# need help to identify crossover points and slopes (schematic inside)



## Veedo (Sep 29, 2009)

this is an alpine spx pro crossover. i cannot find much info about the details of this crossover, strange, because it seems quite popular. if anyone could tell me the crossover points/slopes for the tweet and woofer, that would be huge. thanks.


----------



## Veedo (Sep 29, 2009)

no takers huh? can anyone point me in a direction that would help me figure this sucker out? i cant be the only one that would like to know!


----------



## XtremeRevolution (Dec 3, 2010)

At minimum, people will need to know the impedance of the tweeter and driver. 
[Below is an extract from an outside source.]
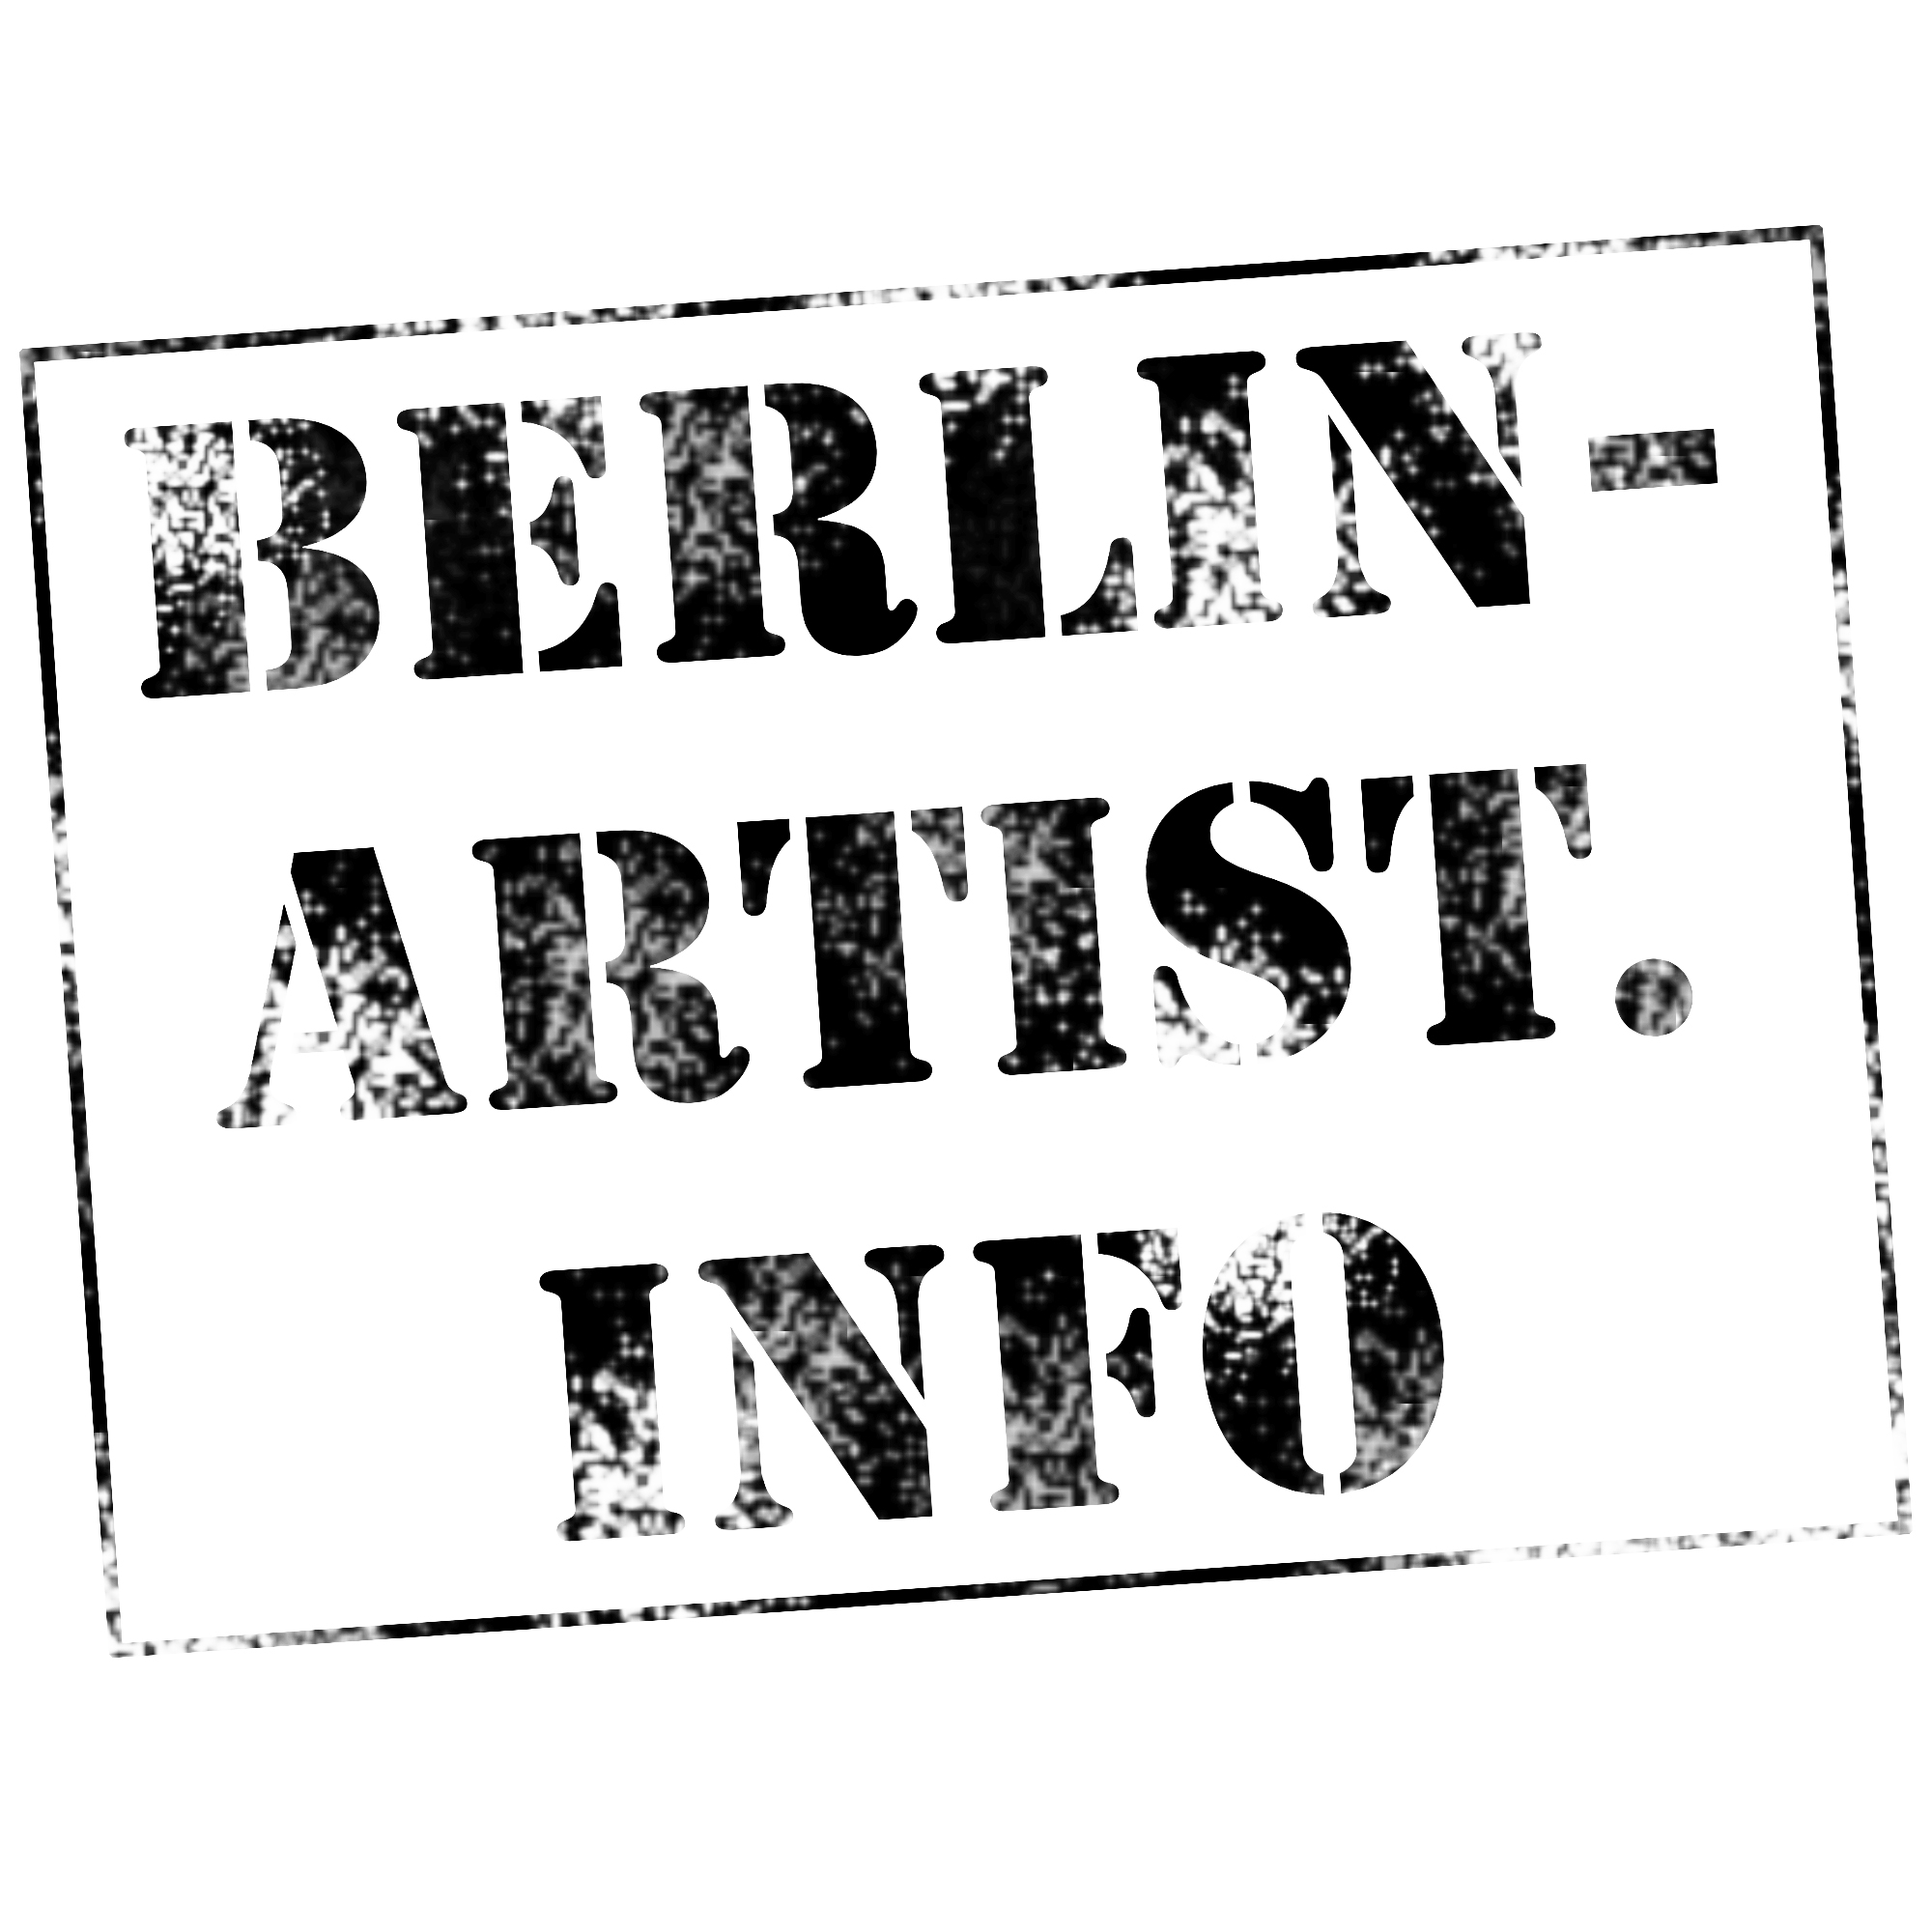 (c) Berlin-artist.info

Posting this on techtalk.parts-express.com might get you more help. We design crossovers for home theater over there, so you'd get more help there.


----------



## Moon Track (Mar 10, 2011)

Crossover point is a quite relative term..
Low pass filter has 1st order, with all switches disabled it is tuned at 950Hz . 
With enabled J3 -1300Hz. 
J2 decreases quality of the filter (order). 
J1 is Zobel network , it decreases output from speaker at high frequencies starting from 4-5kHz .
Twitter network:
With shorten J4 the C3-L2 it is a second order for 3500Hz . Without J4 , third order and tuned a bit lower. Principally it is all. Resistors are for twitter attenuation.


----------



## Veedo (Sep 29, 2009)

hmm it wont let me edit my original post to put in the driver/tweeter info that i plan on trying with the crossover, so here they are. if anyone is interested in seeing the stock alpine speaker specs for which the crossover was designed for, they can be found in this pdf http://support.alpine-usa.com/products/documents/OM_SPX-17PRO.PDF here 

*Woofer*
Specifications 
Brand Peerless 
Model P830961 
Nominal Impedance(ohms) 4 
Power Handling RMS(Watts) 75 
Power handling Peak(Watts) 150 
Usable Frequency Range(Hz) 40-3000 
Magnet Weight(oz) 18 
Voice Coil Diameter 1.25 
Thiele & Small Parameters 
DC Resistance(Re) 3 
Mounting Information 
Overall Diameter 6.5 
Largest Diameter 7.125 
Bolt Circle Diameter 6.6875 
Baffle Hole Diameter 6 
Magnet Diameter 4 
Depth 3.375 
Mount Depth 3 

*Tweeter*
Brand Vifa 
Model 25CAR 
Nominal Impedance(ohms) 4 
Power Handling RMS(Watts) 75 
Power handling Peak(Watts) 150 
Usable Frequency Range(Hz) 1.8-23K 
Sensitivity(dB) 92 
Sheilded Magnet Yes 
Voice Coil Diameter 1 

thanks for the help moon! the woofer is passed at 1300hz? doesnt that seem a bit low? tweeter is around 3.5khz? is there a way to calculate the slopes too?


----------



## Moon Track (Mar 10, 2011)

It’s only 1st order (6db per octave). The order speaks about slope. The only difference is the type (Linkwitz ,Bessel,Butterworth ),it determines the shape of round part of the FR curve where the crossover point actually is.
There are more players than only filter and speaker resistance.
Speaker needs in less power to create the same level of acoustical pressure at higher frequencies, and these 1300 Hertz are pretty virtual. 
Those guys already played with this crossover. 
Google Tõlgi
Look at comment and graph with number three. It’s translation from Russian.
There is said that the LP settings do almost nothing for FR. Main changes are from HP settings.


----------